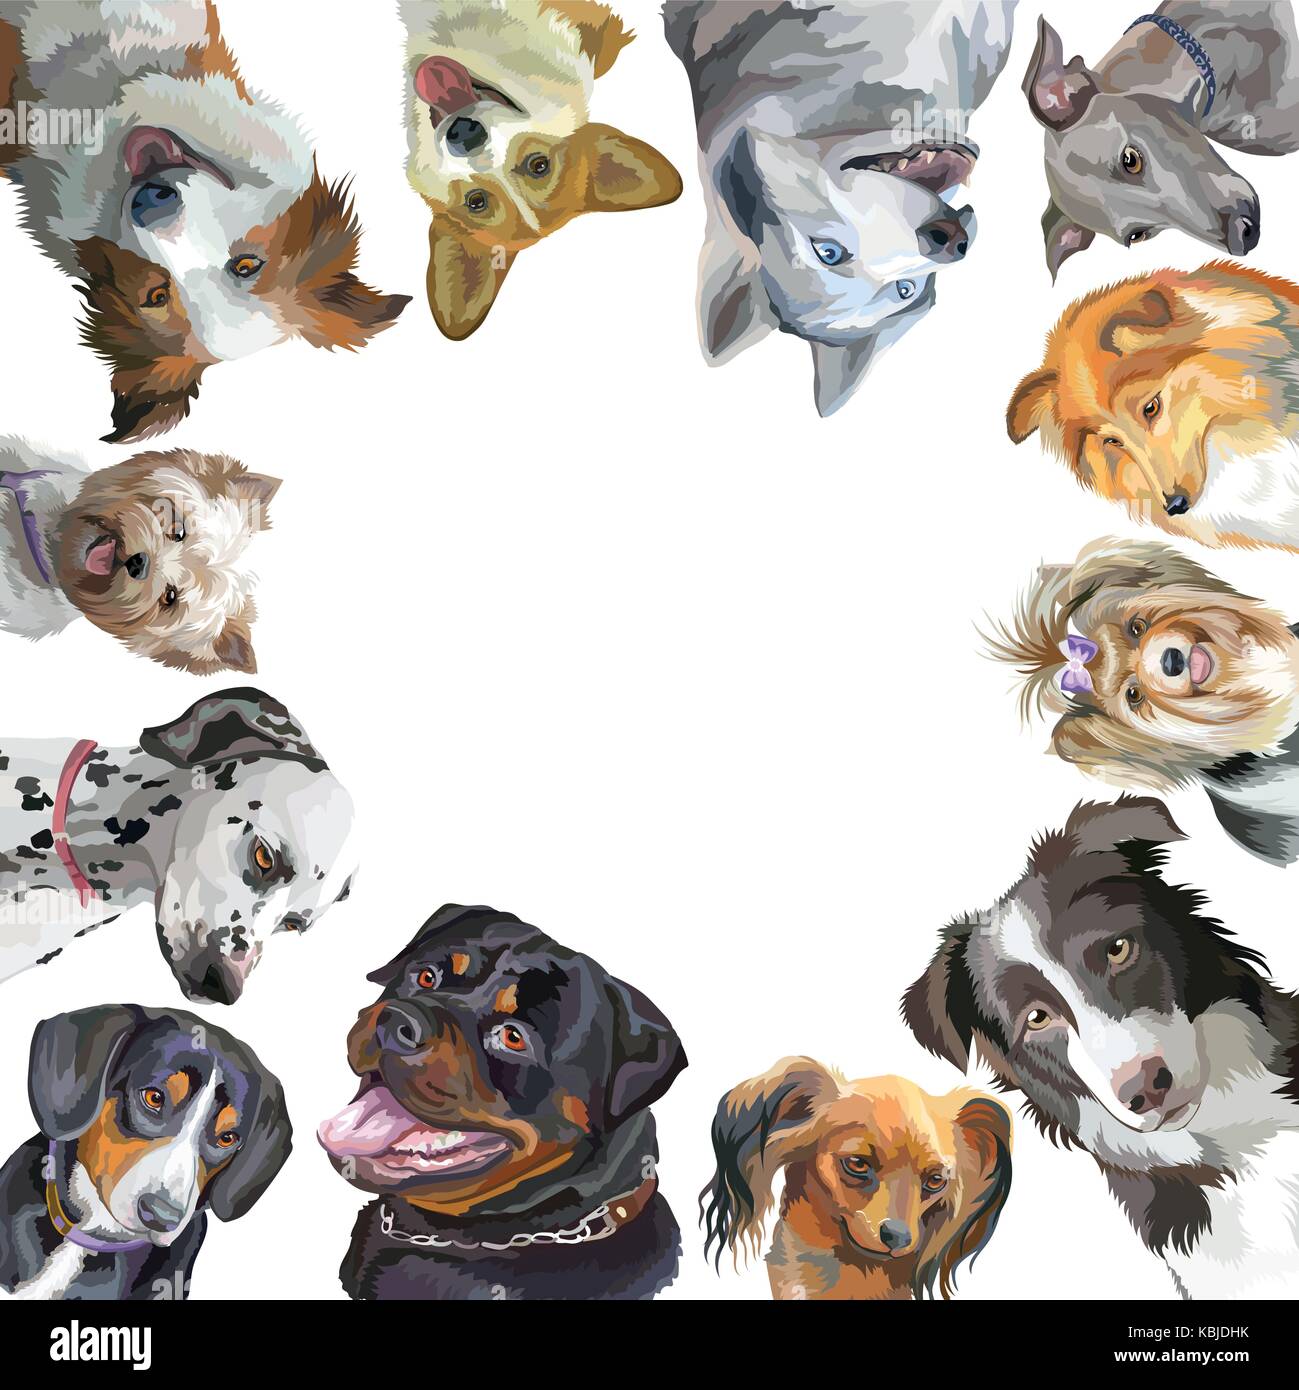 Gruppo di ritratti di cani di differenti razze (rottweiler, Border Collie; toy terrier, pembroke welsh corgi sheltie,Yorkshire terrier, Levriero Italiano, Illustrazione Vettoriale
---
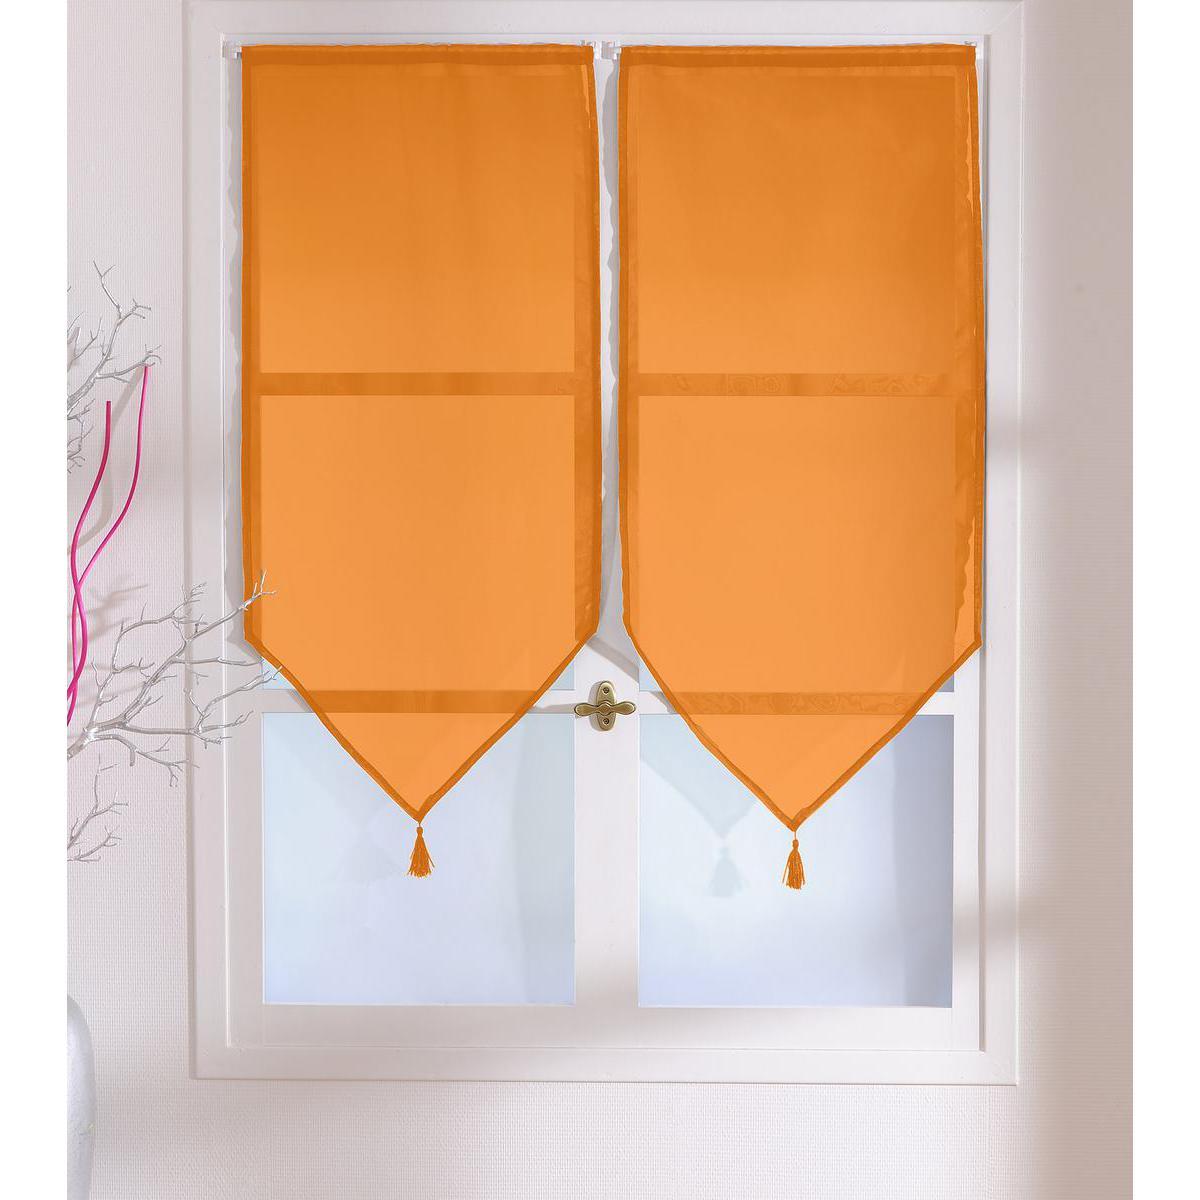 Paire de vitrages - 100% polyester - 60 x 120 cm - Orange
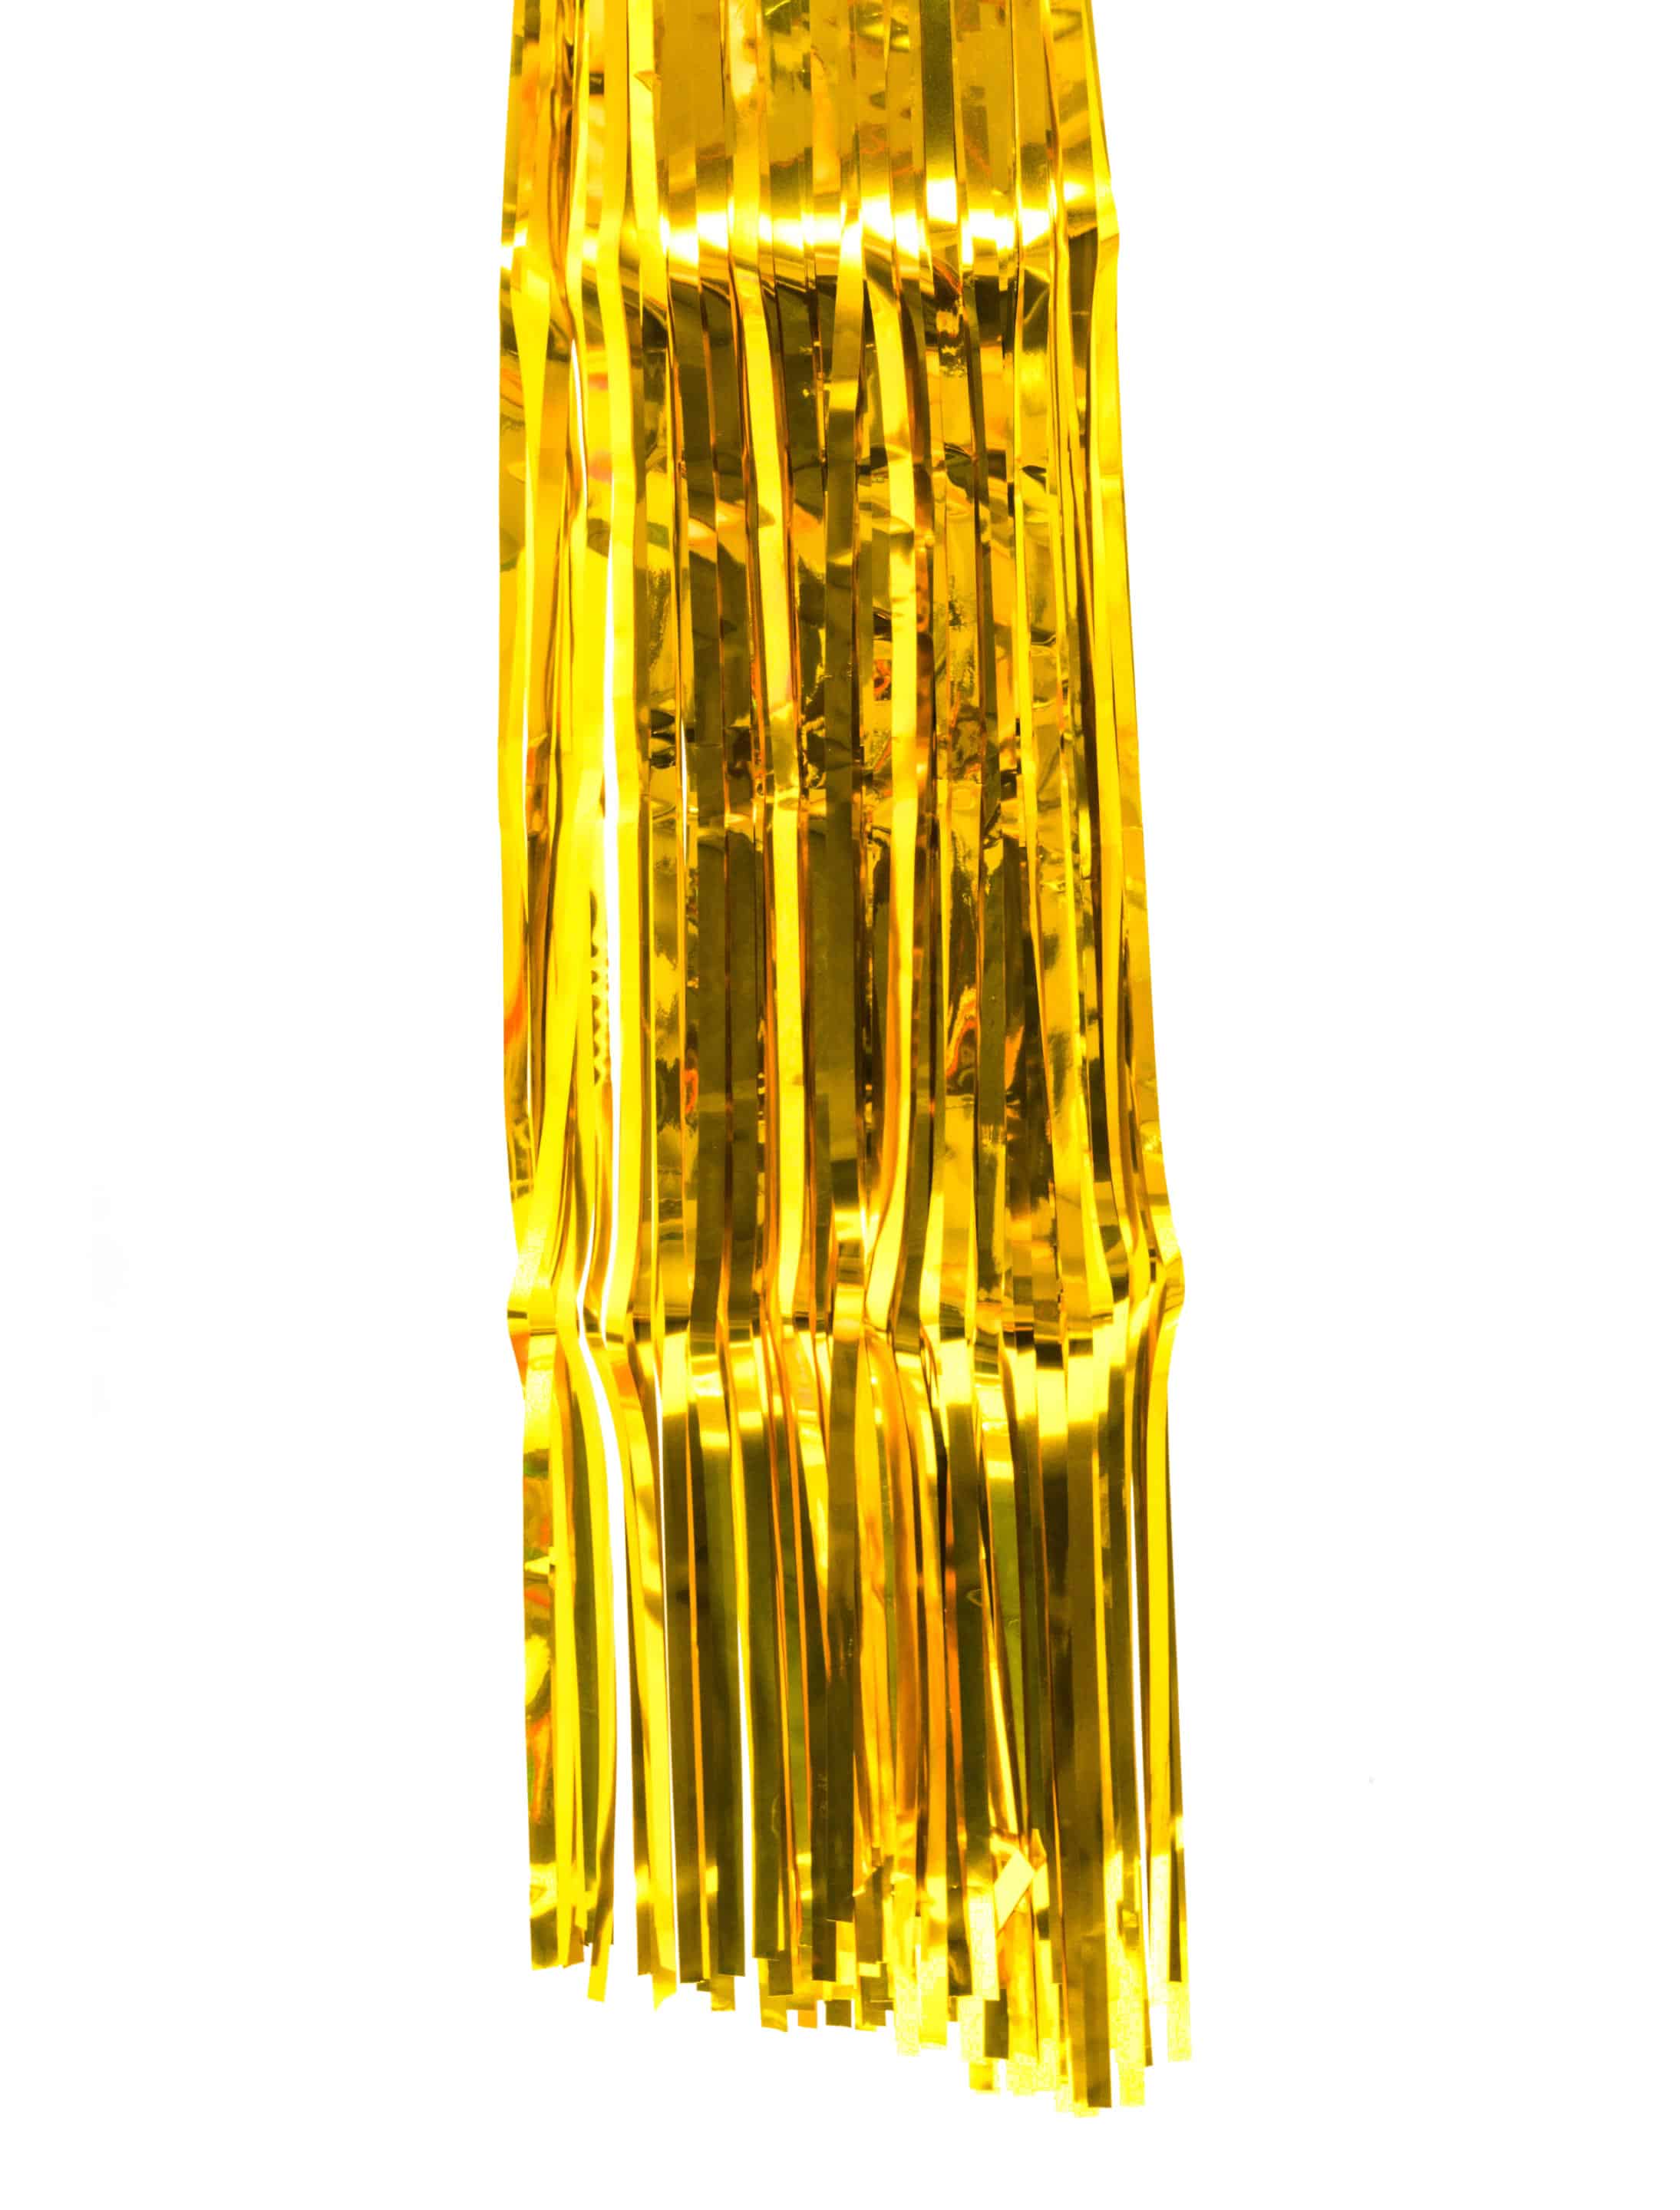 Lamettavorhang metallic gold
...
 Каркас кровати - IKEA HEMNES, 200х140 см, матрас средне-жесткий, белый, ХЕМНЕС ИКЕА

**WORK REQUEST:** Starting from the line with "Paire de vitrages" in the records above, repeat each line exactly until you have written the line with "Lamettavorhang metallic gold", then stop; drop the pictures.

**WRITTEN RESPONSE:**
 Paire de vitrages - 100% polyester - 60 x 120 cm - Orange
 Lamettavorhang metallic gold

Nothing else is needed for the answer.